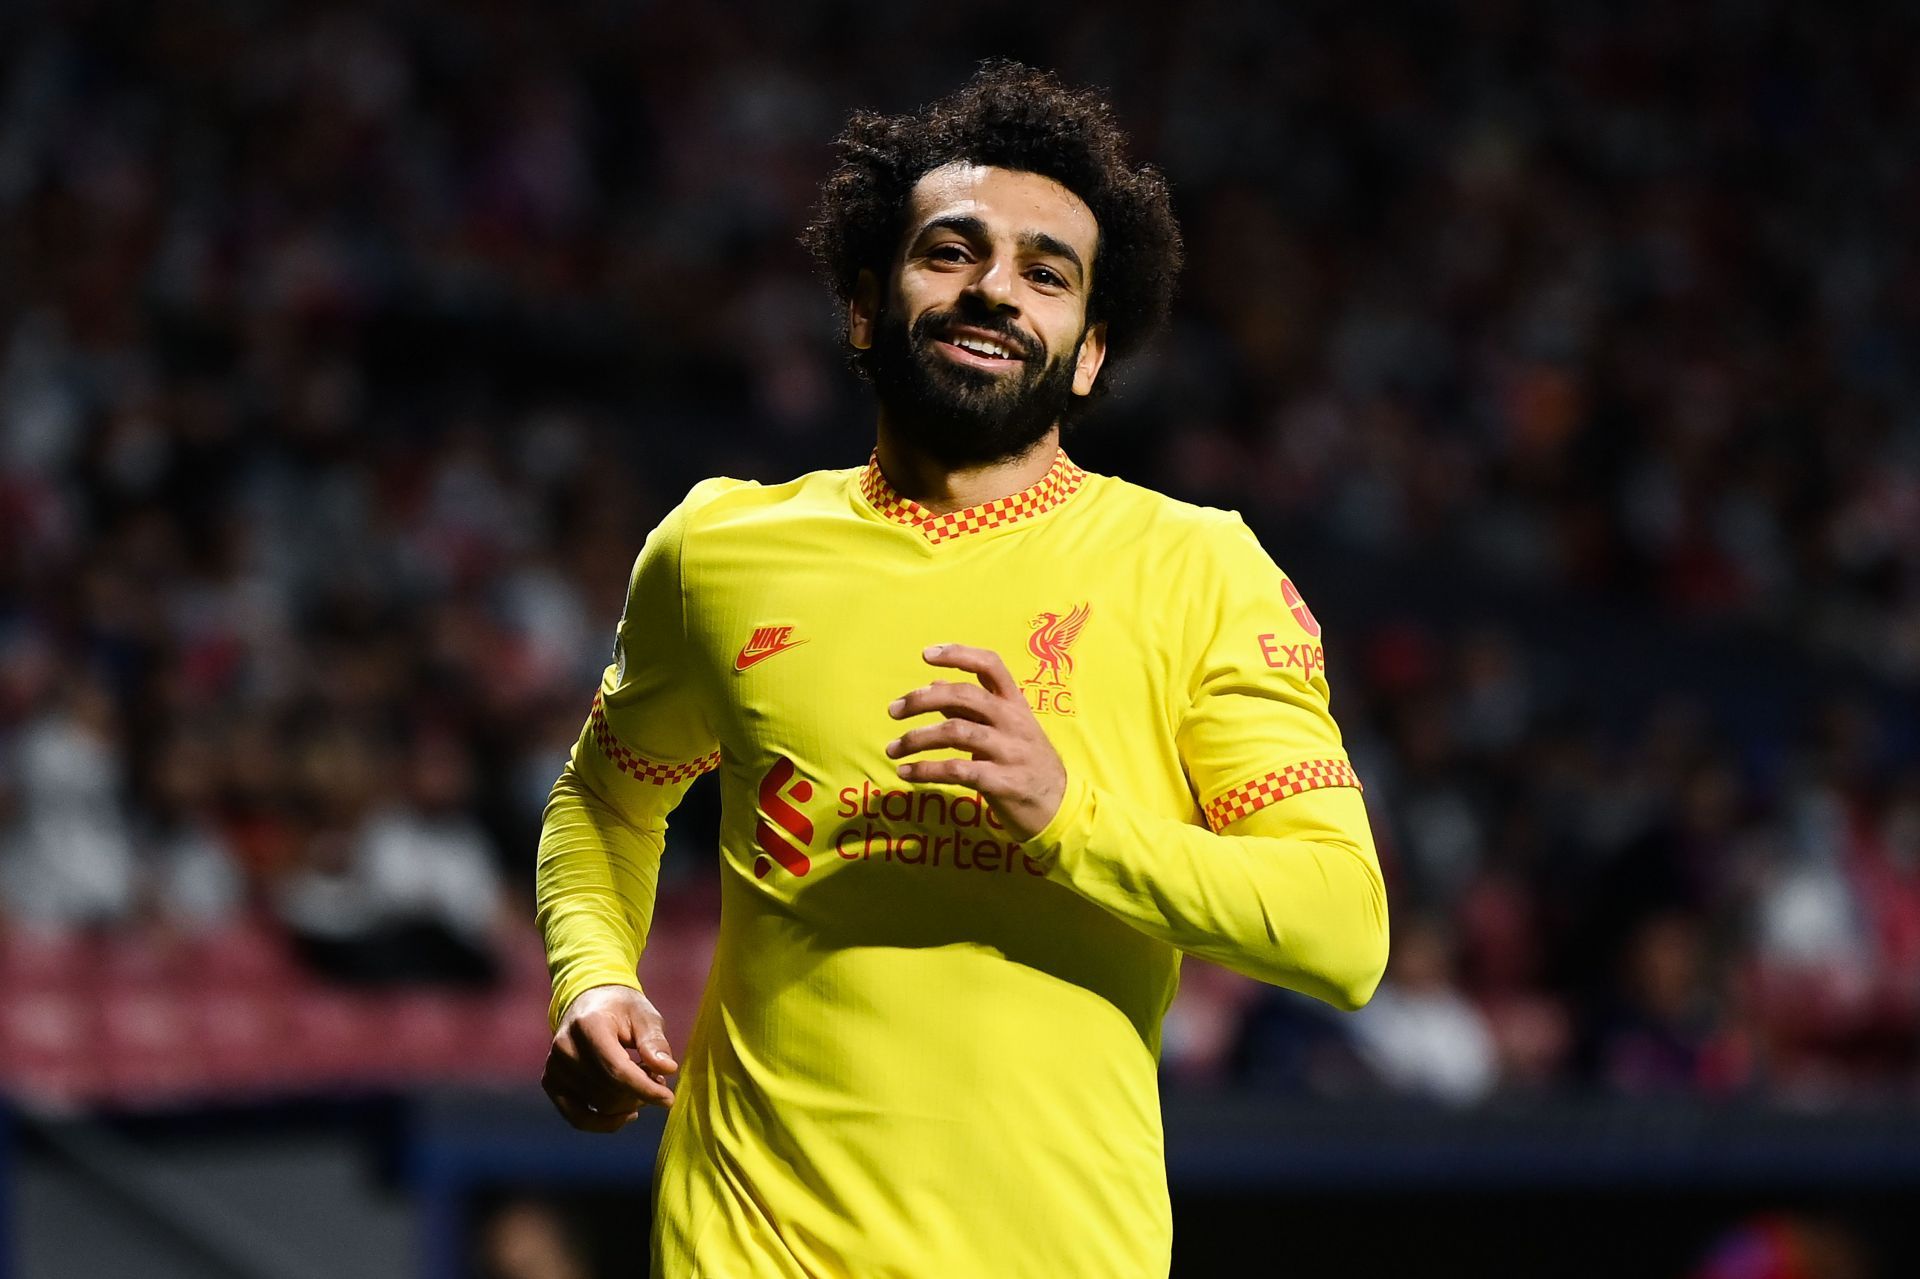 Mo Salah is arguably the most in form player in the world right now
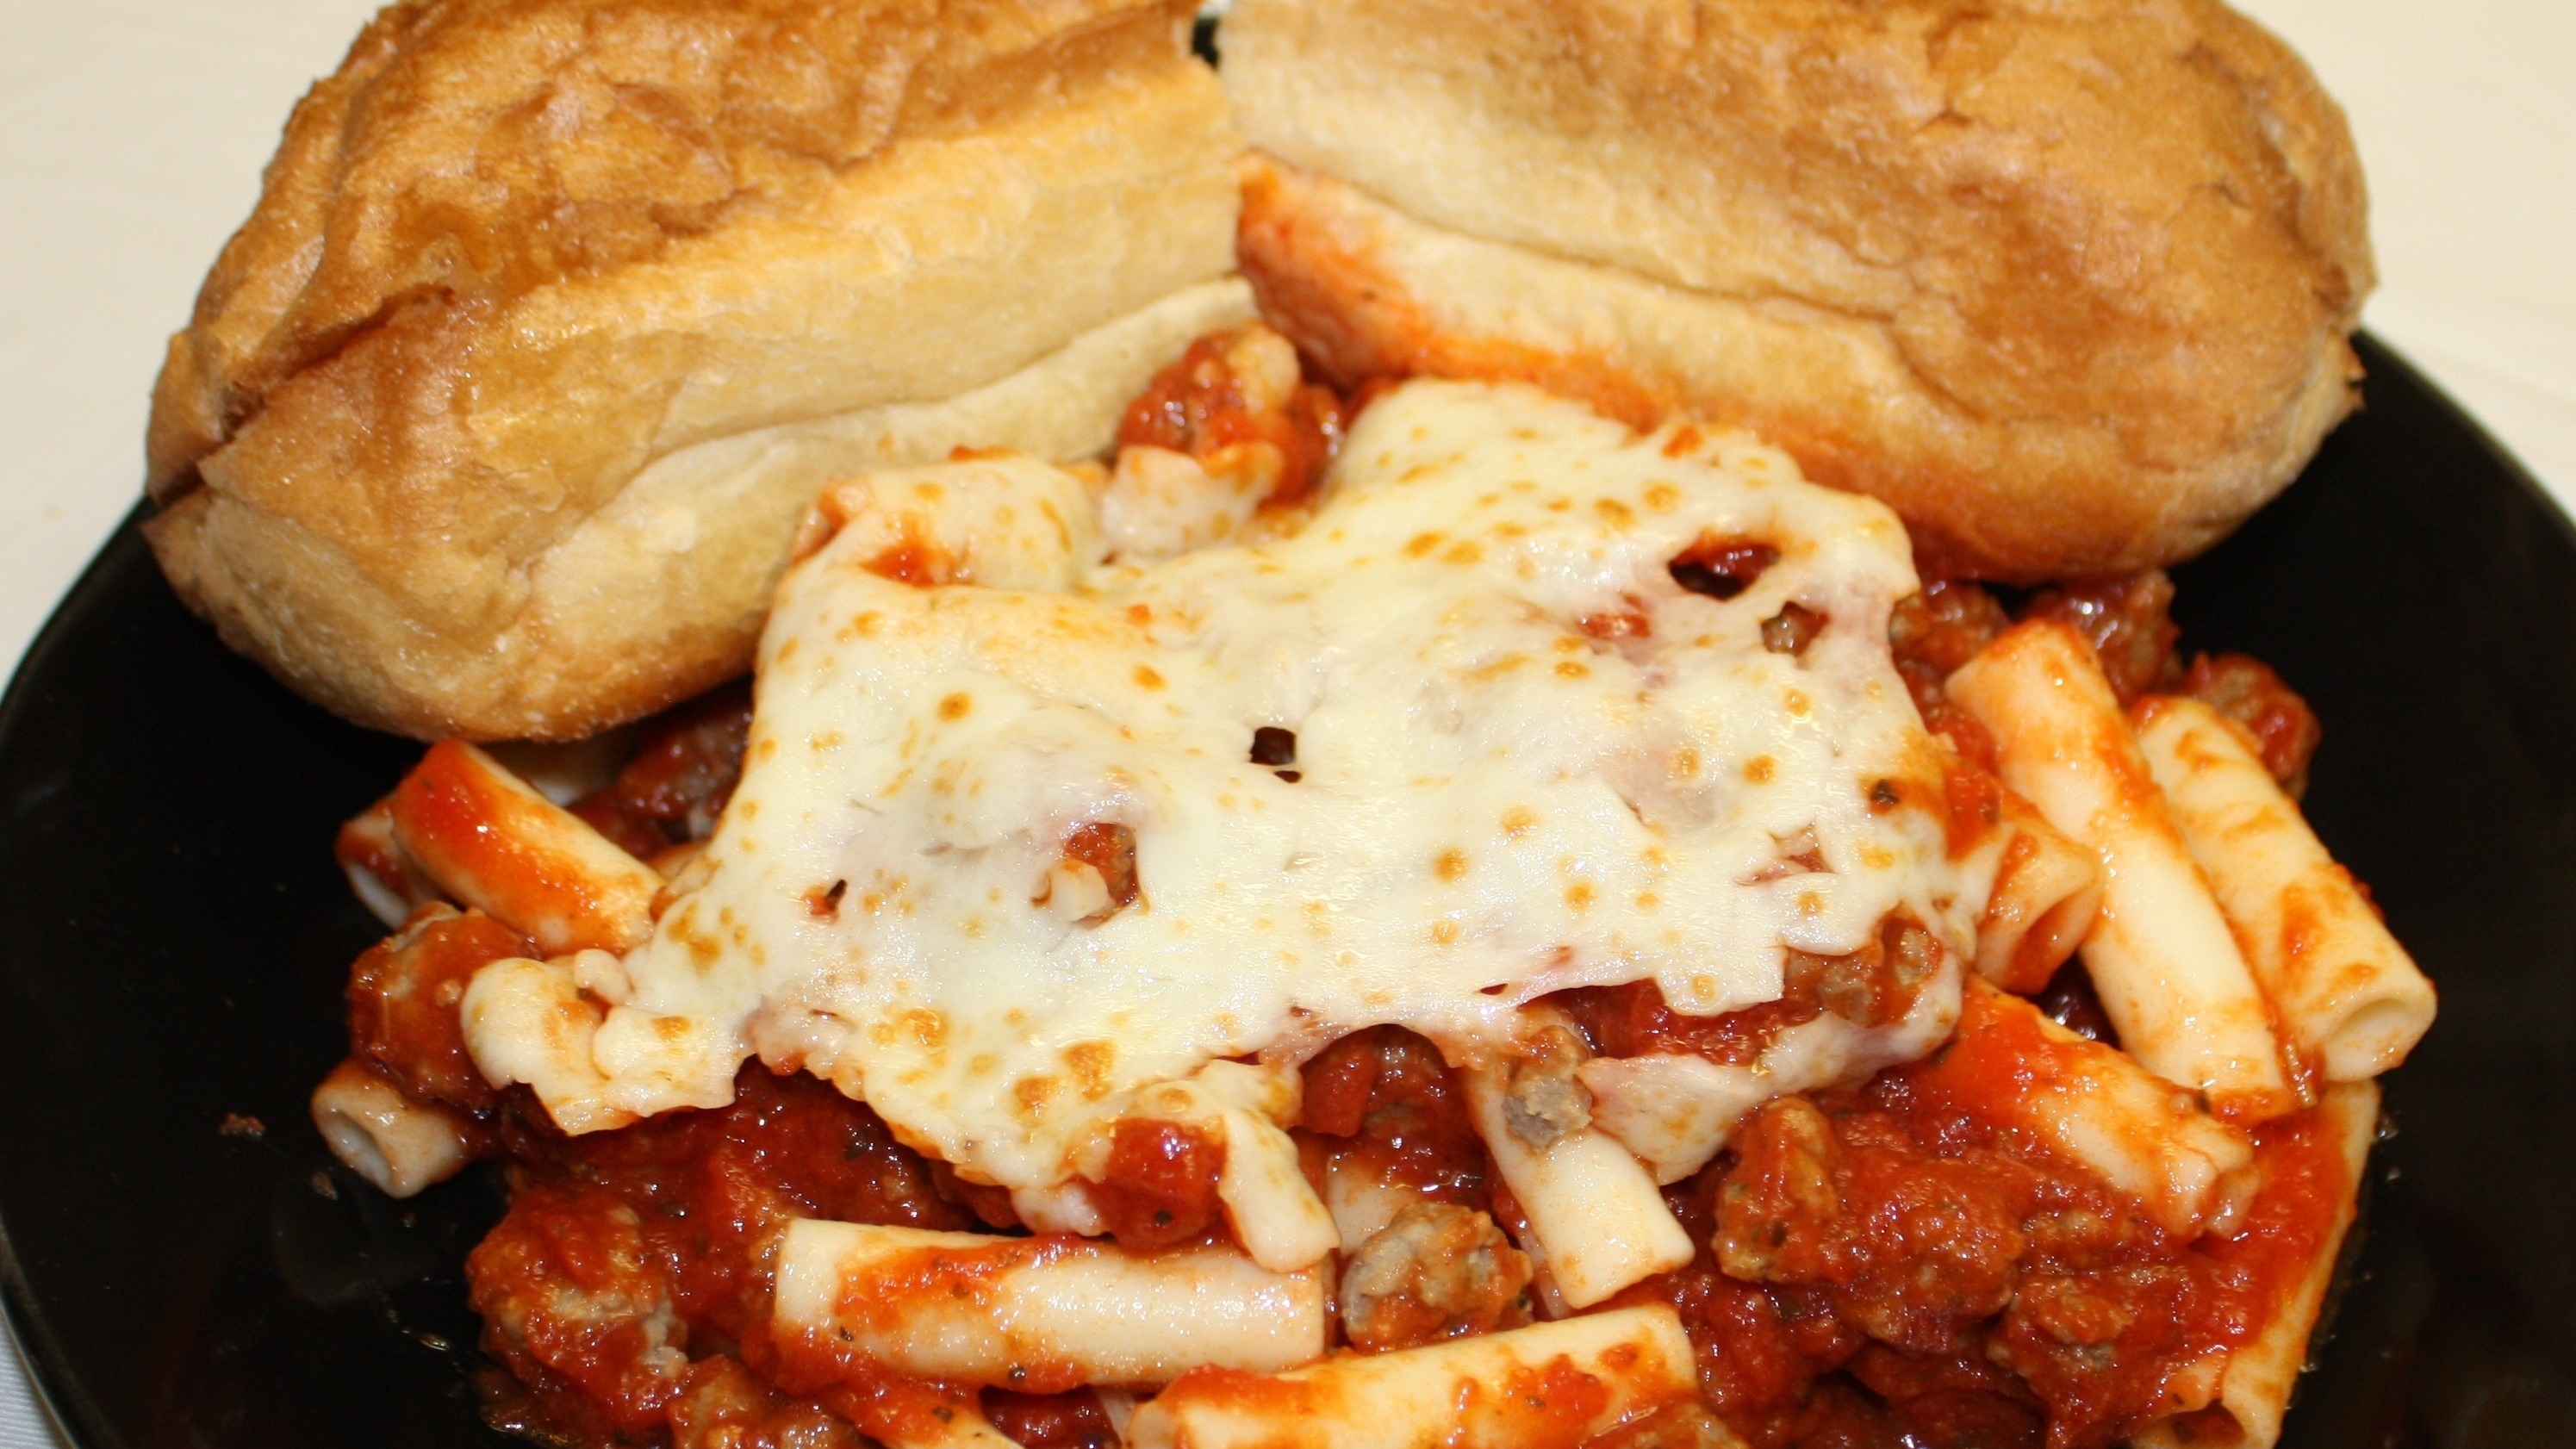 Baked Ziti with Beef
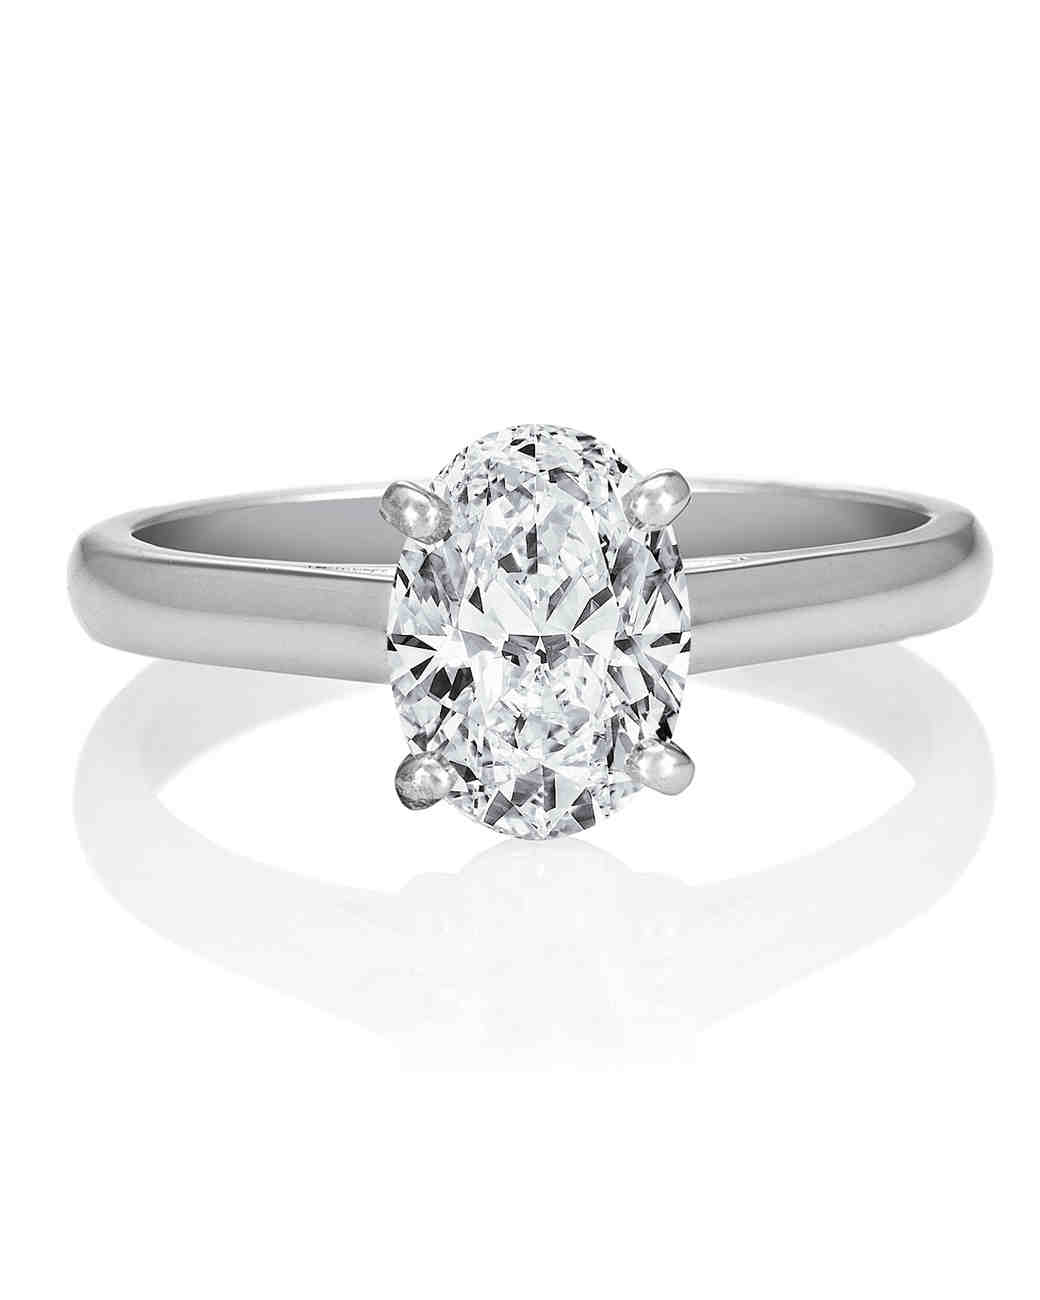  Oval  Engagement  Rings  for the Bride to Be Martha Stewart

■ Problem description
From the line holding "Baked Ziti with Beef" to the final line of the data above, give each line again exactly, both ends included, and drop the pictures.

■ Expected answer
 Baked Ziti with Beef
  Oval  Engagement  Rings  for the Bride to Be Martha Stewart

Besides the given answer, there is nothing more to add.